*** STUDY MATERIAL

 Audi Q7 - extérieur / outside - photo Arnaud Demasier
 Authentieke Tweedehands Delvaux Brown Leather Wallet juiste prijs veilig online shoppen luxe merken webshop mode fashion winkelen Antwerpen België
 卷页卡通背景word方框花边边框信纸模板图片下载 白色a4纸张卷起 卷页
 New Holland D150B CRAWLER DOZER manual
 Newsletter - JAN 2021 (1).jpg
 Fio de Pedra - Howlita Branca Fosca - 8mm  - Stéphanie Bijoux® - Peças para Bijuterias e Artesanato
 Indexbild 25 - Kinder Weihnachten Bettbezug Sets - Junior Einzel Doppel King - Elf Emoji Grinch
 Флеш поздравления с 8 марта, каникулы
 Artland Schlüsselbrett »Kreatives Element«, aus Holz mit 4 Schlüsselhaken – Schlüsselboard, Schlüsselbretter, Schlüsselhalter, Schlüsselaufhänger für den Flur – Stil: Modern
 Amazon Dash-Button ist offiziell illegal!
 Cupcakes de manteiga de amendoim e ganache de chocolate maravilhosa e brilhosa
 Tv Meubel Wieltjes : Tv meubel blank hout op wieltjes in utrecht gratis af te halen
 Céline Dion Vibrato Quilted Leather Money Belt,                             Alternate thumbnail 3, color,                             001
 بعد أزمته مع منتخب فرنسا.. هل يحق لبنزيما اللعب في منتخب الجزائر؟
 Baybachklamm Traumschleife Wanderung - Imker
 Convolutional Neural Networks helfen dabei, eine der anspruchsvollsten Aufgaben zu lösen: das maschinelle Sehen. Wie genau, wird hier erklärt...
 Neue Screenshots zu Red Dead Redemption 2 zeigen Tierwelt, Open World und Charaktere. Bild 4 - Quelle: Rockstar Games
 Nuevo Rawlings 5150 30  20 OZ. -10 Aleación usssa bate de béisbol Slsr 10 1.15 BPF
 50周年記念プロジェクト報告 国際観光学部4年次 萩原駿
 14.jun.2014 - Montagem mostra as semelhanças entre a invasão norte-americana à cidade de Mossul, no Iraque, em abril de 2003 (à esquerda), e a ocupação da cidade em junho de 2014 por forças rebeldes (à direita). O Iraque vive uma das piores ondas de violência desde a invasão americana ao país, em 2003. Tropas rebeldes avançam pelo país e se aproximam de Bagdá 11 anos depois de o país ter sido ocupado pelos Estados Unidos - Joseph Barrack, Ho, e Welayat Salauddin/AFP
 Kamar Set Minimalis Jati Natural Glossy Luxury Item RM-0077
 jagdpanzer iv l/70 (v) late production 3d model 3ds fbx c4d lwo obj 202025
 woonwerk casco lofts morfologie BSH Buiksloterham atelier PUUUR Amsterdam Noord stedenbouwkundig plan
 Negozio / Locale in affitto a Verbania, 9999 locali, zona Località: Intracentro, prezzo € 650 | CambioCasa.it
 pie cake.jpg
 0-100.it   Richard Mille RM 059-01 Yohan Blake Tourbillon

******

Every line with "Leather" in it should be copied from the entries.

# SOLUTION
 Authentieke Tweedehands Delvaux Brown Leather Wallet juiste prijs veilig online shoppen luxe merken webshop mode fashion winkelen Antwerpen België
 Céline Dion Vibrato Quilted Leather Money Belt,                             Alternate thumbnail 3, color,                             001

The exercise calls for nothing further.